When drafting reference letters employers must observe the following: On the one hand, all information contained in the letter must be complete and objectively correct. The employer is obliged to issue a truthful statement. On the other hand, the employer must not issue a disfavouring reference letter. The law prohibits providing a reference letter that stifles an employee’s prospects to obtain a new post. The employer must accommodate both rules. A balance must be struck on a case-by-case basis.
What, in your opinion, are the most common difficulties faced by employers in your jurisdiction when terminating employment and how do you consider employers can mitigate these?

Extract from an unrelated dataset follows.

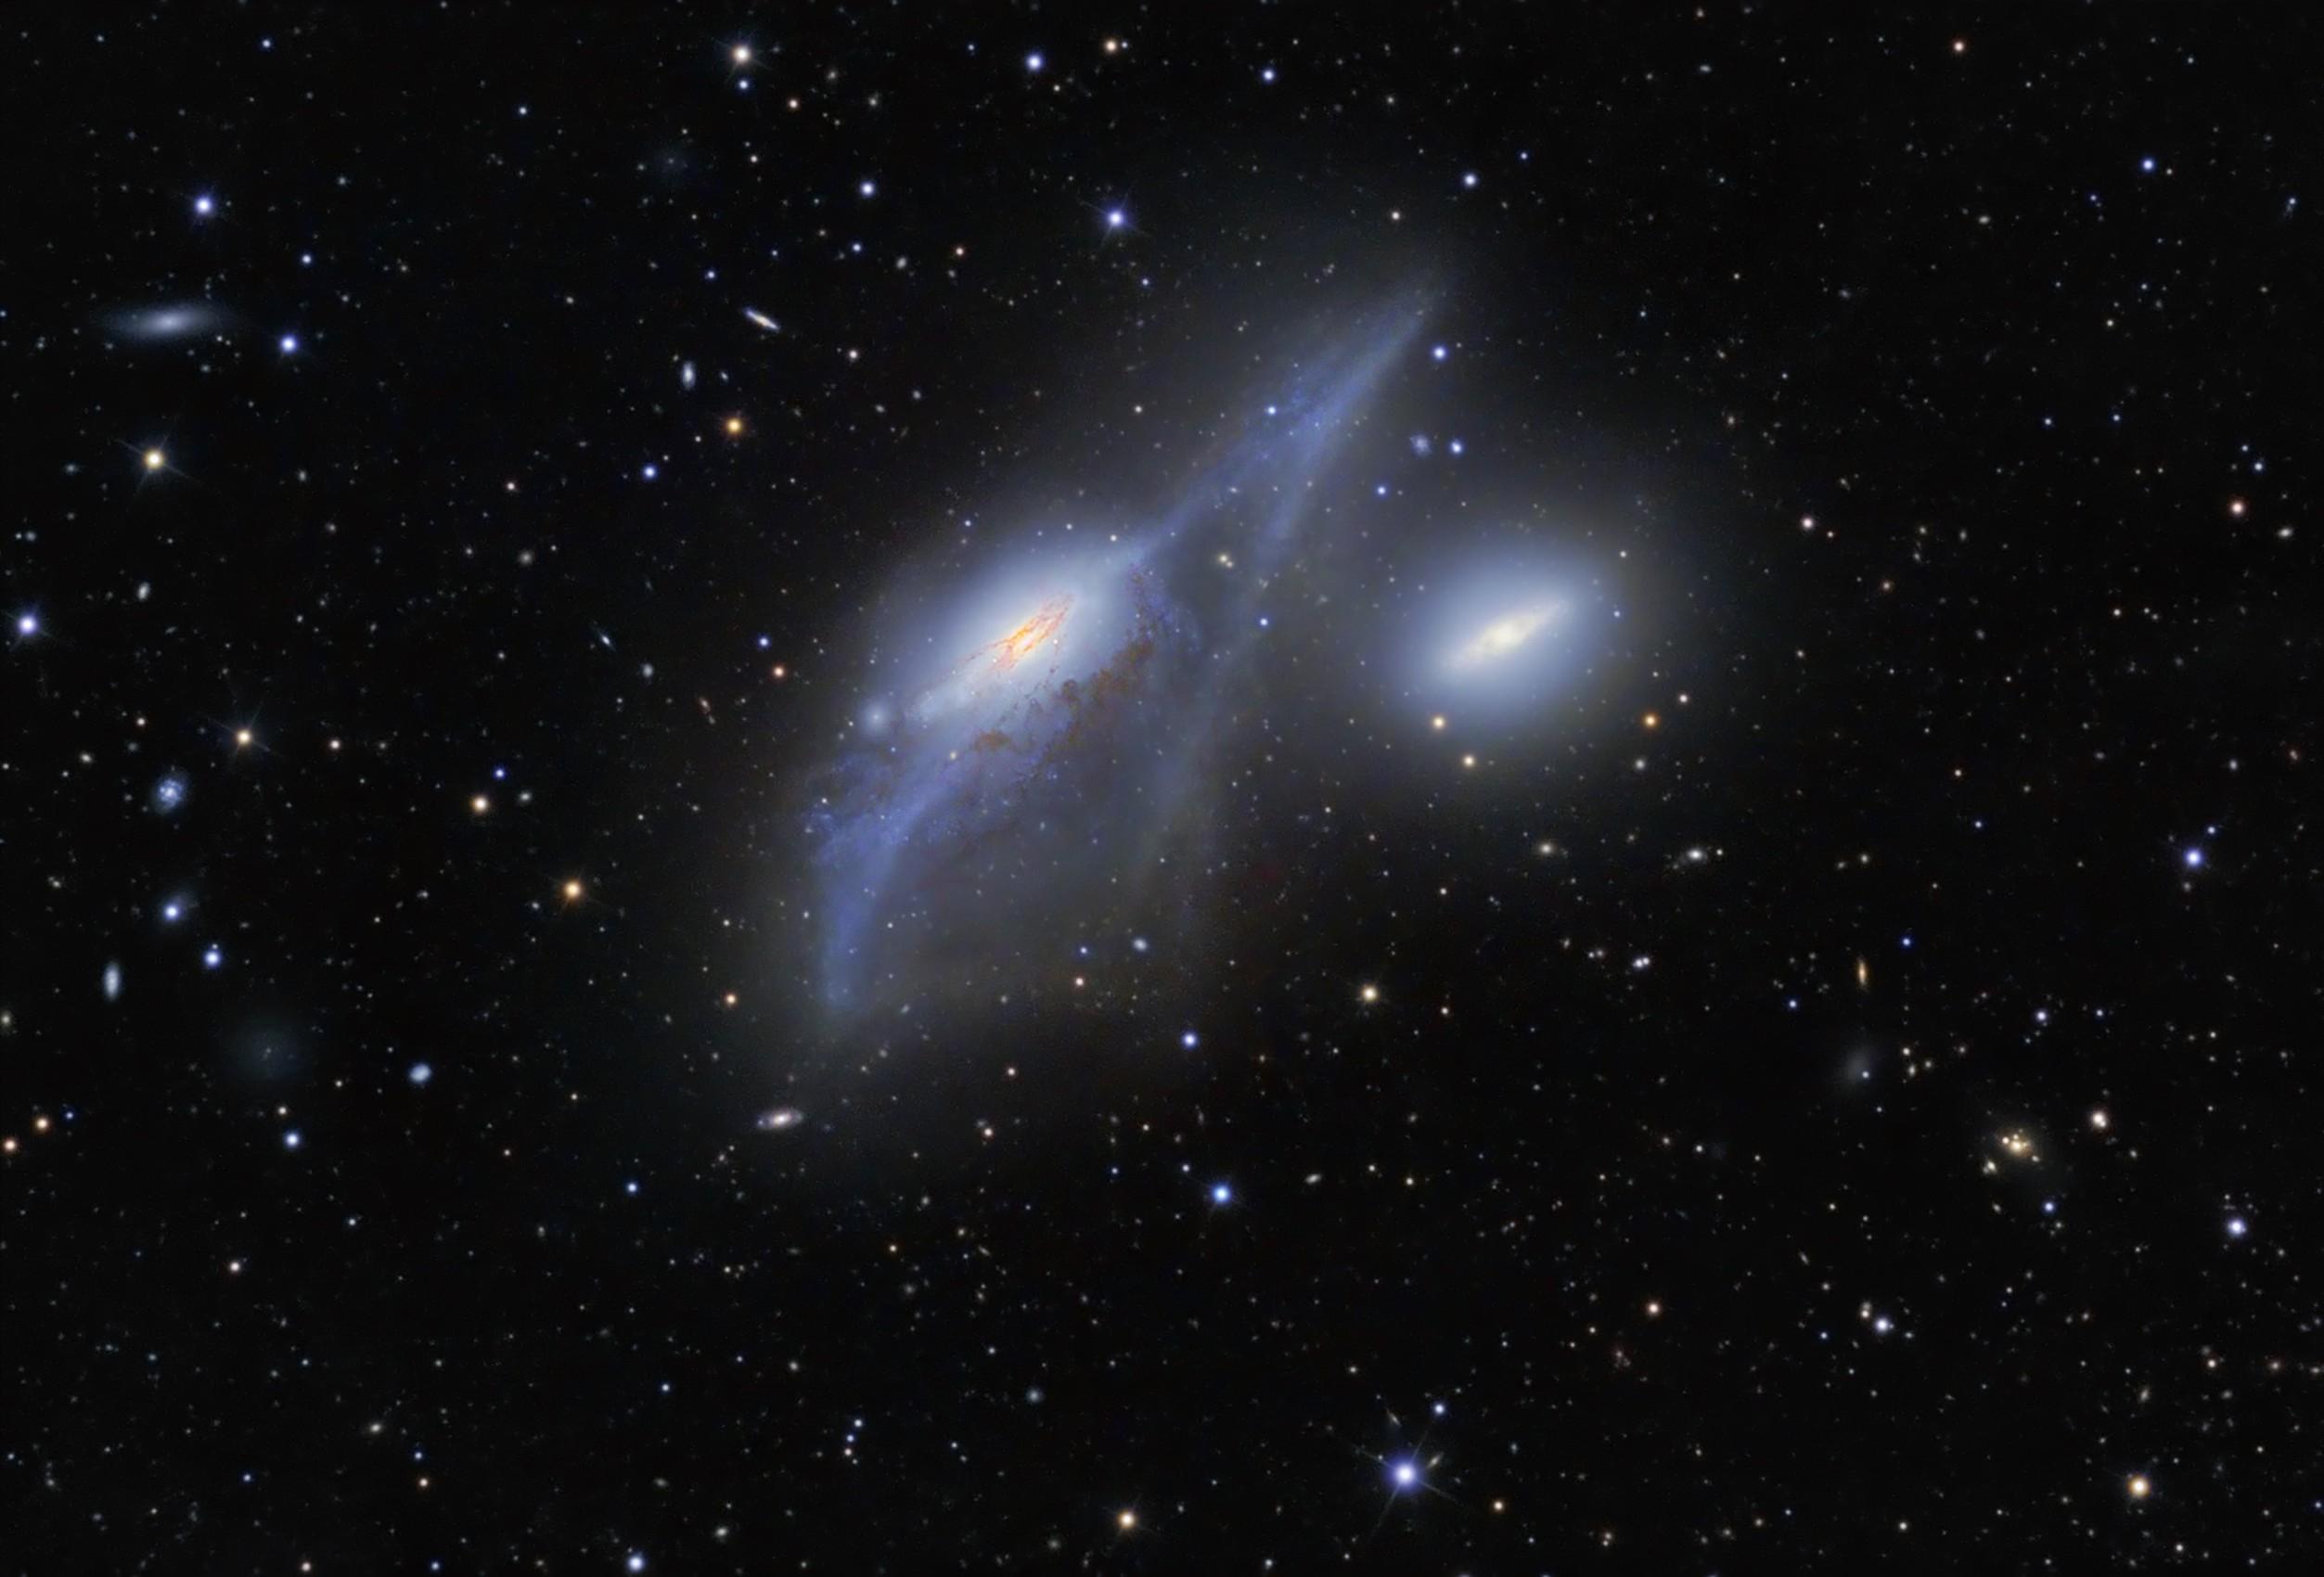 nasa archive astronomy - photo #45
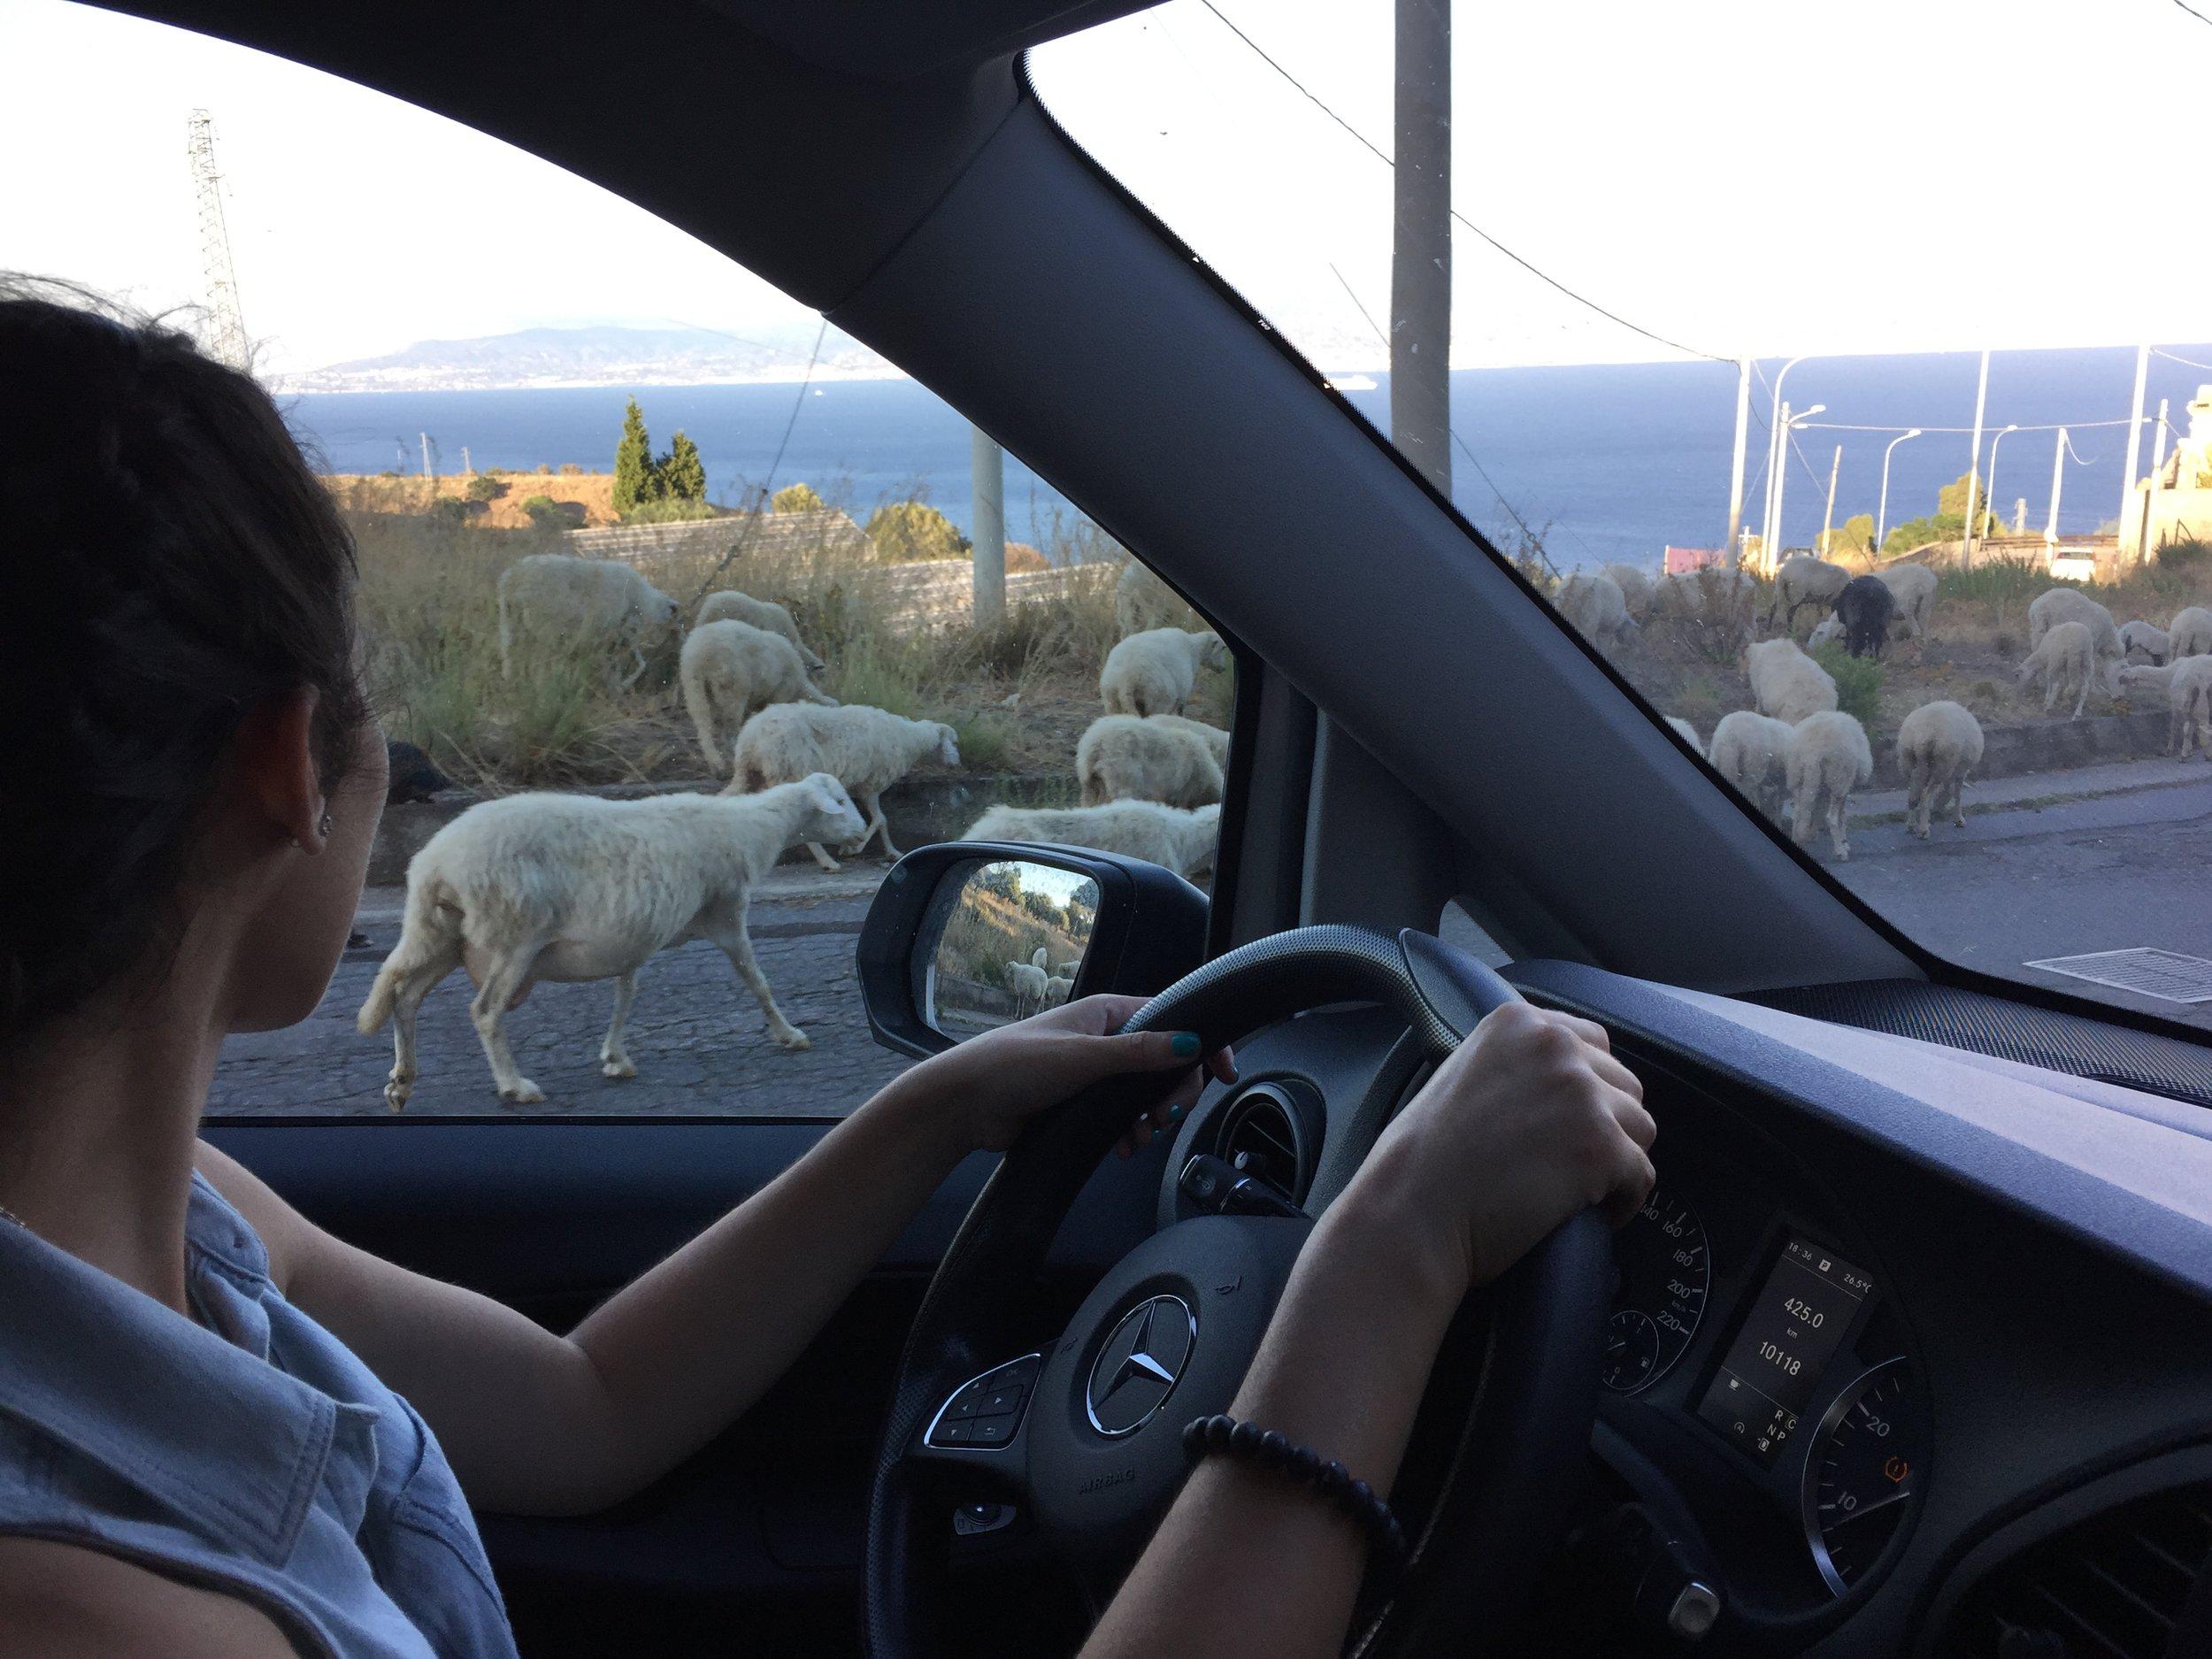 Driving in San Placido Calonerò

Employers should carefully consider the legal basis on which they terminate the employment contract and ensure that they satisfy the conditions which justify such termination. In cases where the employer may have to justify the termination and her or she does not possess sufficient evidence, it may lead to an unjustified termination which could be successfully challenged in court by the employee. In order to avoid such scenarios as well as any significant reputational or financial damage to the business, each termination should be carefully considered. Once the employer intends to terminate an employee a number of duties of the employer emerge, such as consulting and informing the works council at least one week in advance of the termination and if the employer wishes to dismiss at least five employees notification obligations towards the local Employment Market Service may arise. In the latter case the employer might also have to observe a waiting period of 30 days, during which the employment relationship must not be terminated. To mitigate the risk of dismissals being challenged before the courts it is often advisable to achieve a mutual agreement with the employee and agree on the payment of a (voluntary) severance pay.
Are any legal changes planned that are likely to impact on the way employers in your jurisdiction approach termination of employment? If so, please describe what impact you foresee from such changes and how employers can prepare for them?
Currently, no further legislative changes on the termination of employment are planned in Austria.